Repository files navigation

CopR, a global regulator of transcription to maintain copper homeostasis in Pyrococcus furiosus

Felix Grünberger1, Robert Reichelt1, Ingrid Waege1, Verena Niedermaier1, Korbinian Bronner1, Korbinian Bronner1, Marcell Kaljanac2, Nina Weber1, Zubeir El Ahmad1, Lena Knauss1, Gregor Madej2, Christine Ziegler2, Dina Grohmann1, Winfried Hausner

1 Institute of Microbiology and Archaea Centre, University of Regensburg, Universitätsstraße 31, 93053 Regensburg, Germany

2 Department of Structural Biology, Institute of Biophysics and Physical Biochemistry, University of Regensburg, Universitätsstraße 31, 93053 Regensburg, Germany

° Corresponding author


Information about this repository

This is the repository for the manuscript “CopR, a global regulator of transcription to maintain copper homeostasis in Pyrococcus furiosus”. It contains a description of the bioinformatical tools and custom Rscripts to process data and a description of the downstream analysis.

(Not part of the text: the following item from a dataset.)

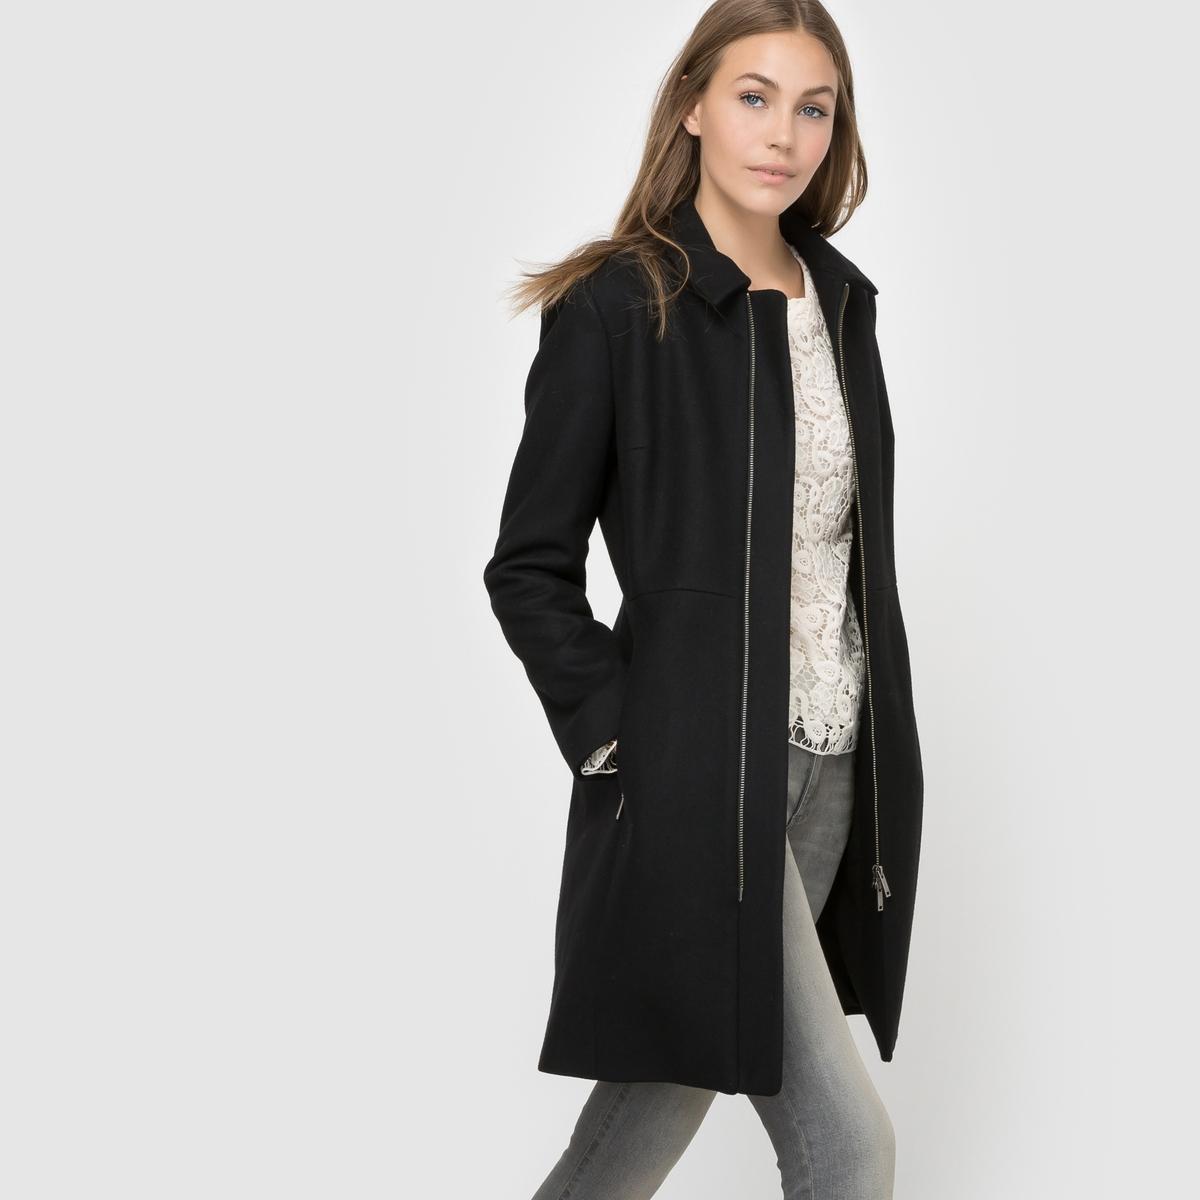 Пальто на молнии, 50% шерсти.Пальто на молнии, French Connection.Отличное пальто с преобладанием шерсти с очень актуальными застежками на молнию из структурированной ткани. 2 кармана с застежкой на молнию. Состав и описание : Материал : 75% шерсти, 20% полиамида, 5% кашемира. Марка : French ConnectionЗастежка : на молнию.Приталенный покрой<br><br>Цвет: черный<br>Размер: 42 (FR) - 48 (RUS)

The repository is currently actively developed.

Active Development

Data analysis

Raw data quality control

Quality control at the raw data level using FastQC was done to examine most common quality parameters (total number of reads sequenced, GC content and the overall base quality score). Quality filtering parameters were based on this analysis.

Filtering of raw reads

We used trimmomatic (v. 0.36) in single-end-mode to trim raw reads (Bolger, Lohse, and Usadel (2014)).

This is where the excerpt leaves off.